In August 2006, the left-back became the first British Jew to play professional football in more than 25 years, a startling statistic considering the passion the 300,000-strong community holds for the game. In this time, British Jews established themselves as owners, agents, writers and, more to the point, fanatical followers of football, but not since Barry Silkman shouldered his mighty afro through the top divisions in the early Eighties did one of their number take centre stage. Why? Earlier this week, Jacobson tried manfully to answer this imponderable.
"You know, since I became the first when making my debut for Cardiff, I have been asked that plenty of times," he said at the training ground Rovers share with the army just outside Bath. "I'm glad to see that there are a few others who are playing professionally now and that Sam Sloma, in particular, is doing well at Dagenham. There should be more coming through, but why has it taken so long? I don't know, but I do have few theories."
His first has, over the years, become the most widely accepted. "Football's not a really a stable career path, is it?
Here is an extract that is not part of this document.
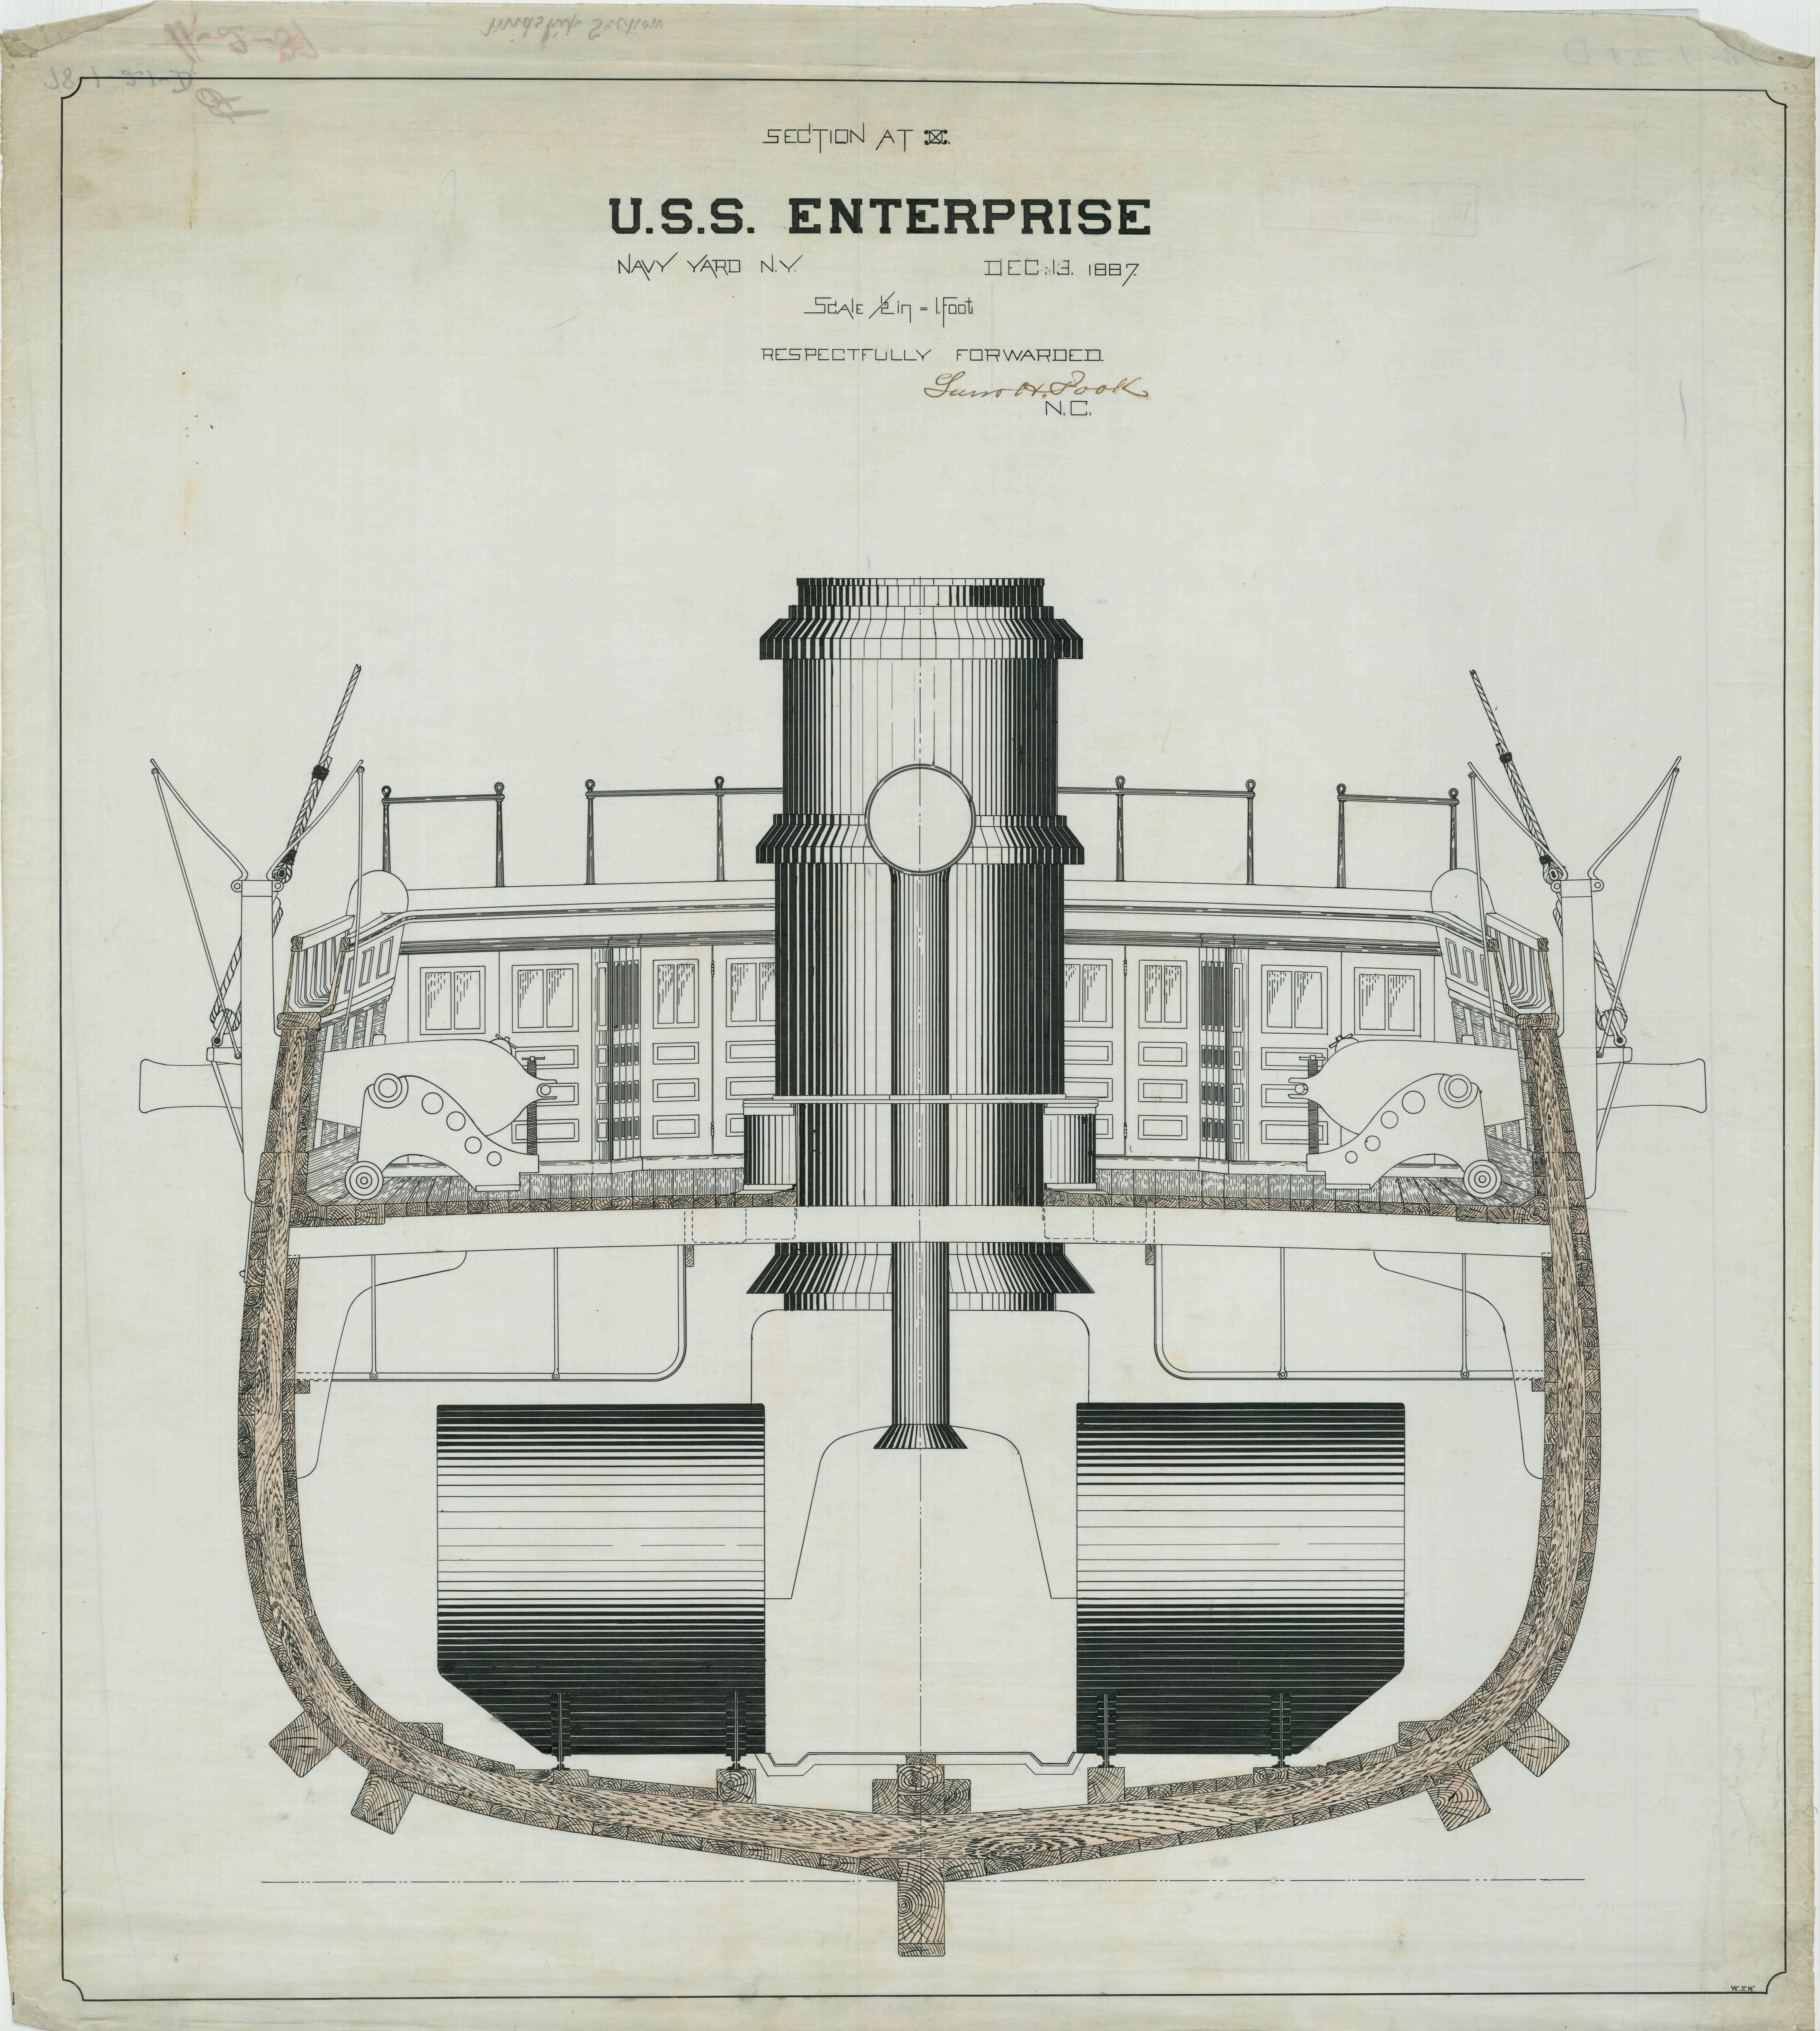 EnterpriseCross1887
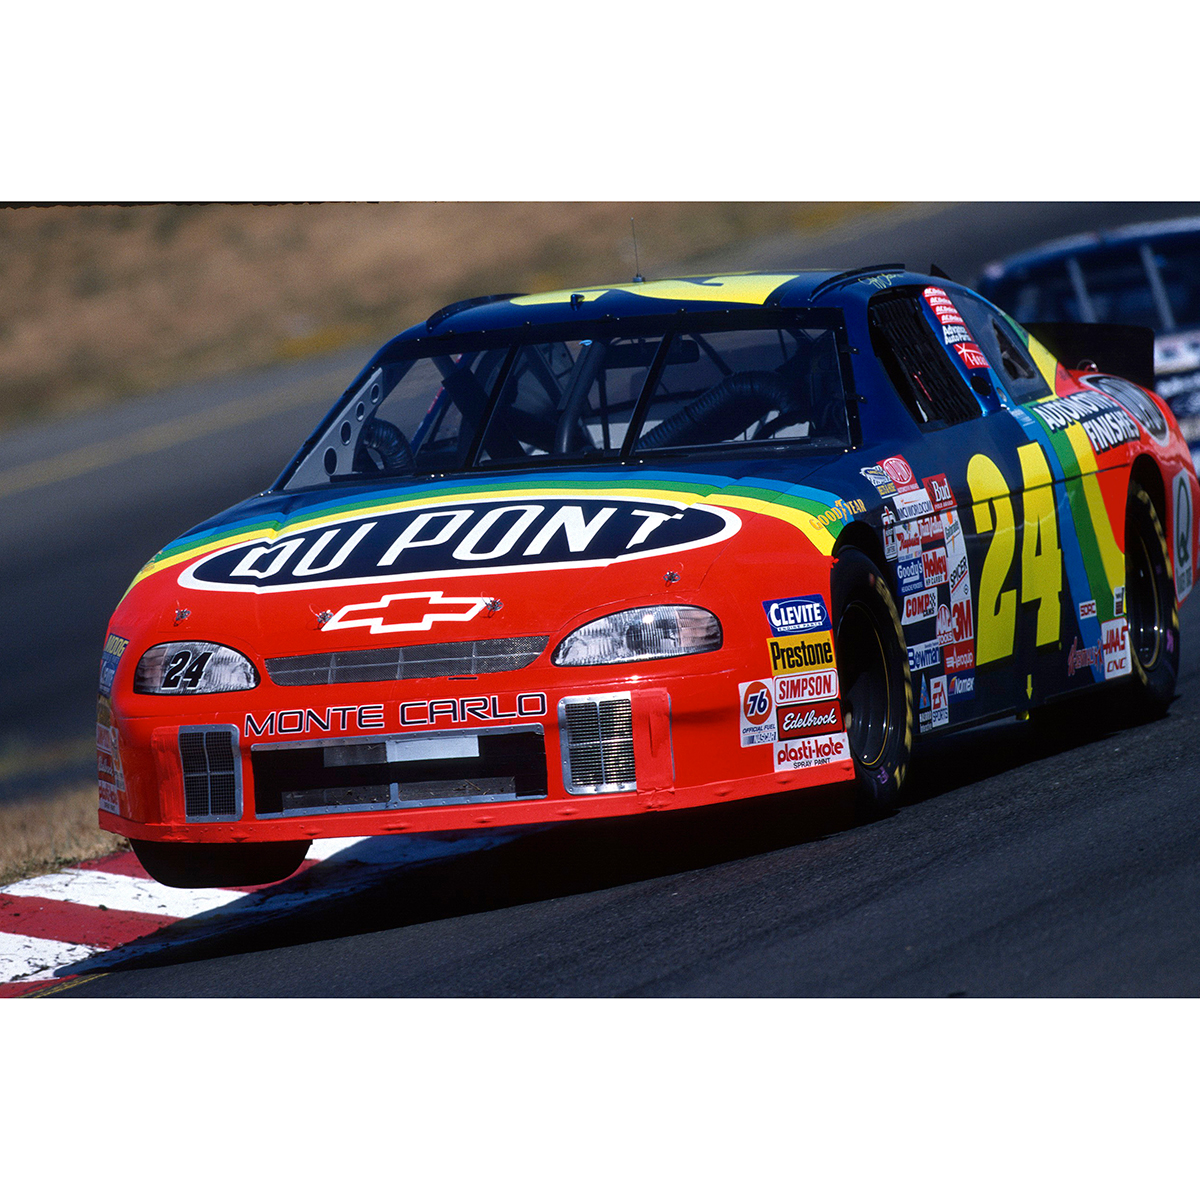 Dual Autographed Jeff Gordon / Ray Evernham 1999 #24 Sonoma Race Win 1:24 Scale Die Cast

And in the Jewish community the philosophy really is to 'get on'," said the Wales Under-21 captain. "Most Jewish parents want their kids to go to university and from there go into professions like banking. For me it was the same. But as a young boy watching footie, that's all I ever wanted to do. As soon as it was clear I had the chance to make my living as a footballer, my family and friends were so supportive. There was no pressure. But then, I was given the opportunity and I'm sure a lot of other British Jewish lads would have a go if they were given a similar chance."
Jacobson suspects he was so fortunate because of geography as much as his sweet left foot. "In Cardiff there is only about 400 of us, so it was never a case of me playing in the Jewish leagues – I just got involved with the local club," he said. "Obviously, most of the Jewish people live in London and, like I say, there are specific leagues up there. They play on Sundays, for obvious religious reasons, and maybe scouts just don't get down to see them because it's not at the traditional time. Recently I went to London to see a game which a few of my friends were playing in and it's quite a decent standard. Perhaps there have been a few undiscovered gems over the years. As it is, the names of those who have made it are few and far between. Like, we've all heard of Mark Lazarus?"
It was the 1960s when the winger burst into FA Cup folklore and became famous for an incident which remains a one and only. In an early round against Poole Town from the Southern League, Lazarus ran over to the touchline to replace his torn shorts, but as he threw them to the bench a team-mate passed the ball to him. So off, Lazarus trotted, down the right wing, wearing only his jockstrap. "I hadn't heard that," laughed Jacobson. "I have seen his goal, though."
That came in the 1967 League Cup final when he completed a stunning QPR comeback with the winning goal in the 3-2 victory. The opponents? West Bromwich Albion. Across four decades, the portents ring.
For Jacobson, though, there is a more personal void to put right first. "To be honest, I don't think about the religious side much, I just get on with the football," he said. "I've been to Wembley before; in May when Rovers got to the play-off final [winning 3-2 against Shrewsbury]. The trouble is my loan period had run out a couple of days before. I wasn't allowed to play. I did still go and got involved before kick-off, but in a way that made it more frustrating. Trolls [Paul Trollope, the manager] came up before the game and said, 'Joe, you would have been playing today'. It was nice of him – but it didn't half rub it in."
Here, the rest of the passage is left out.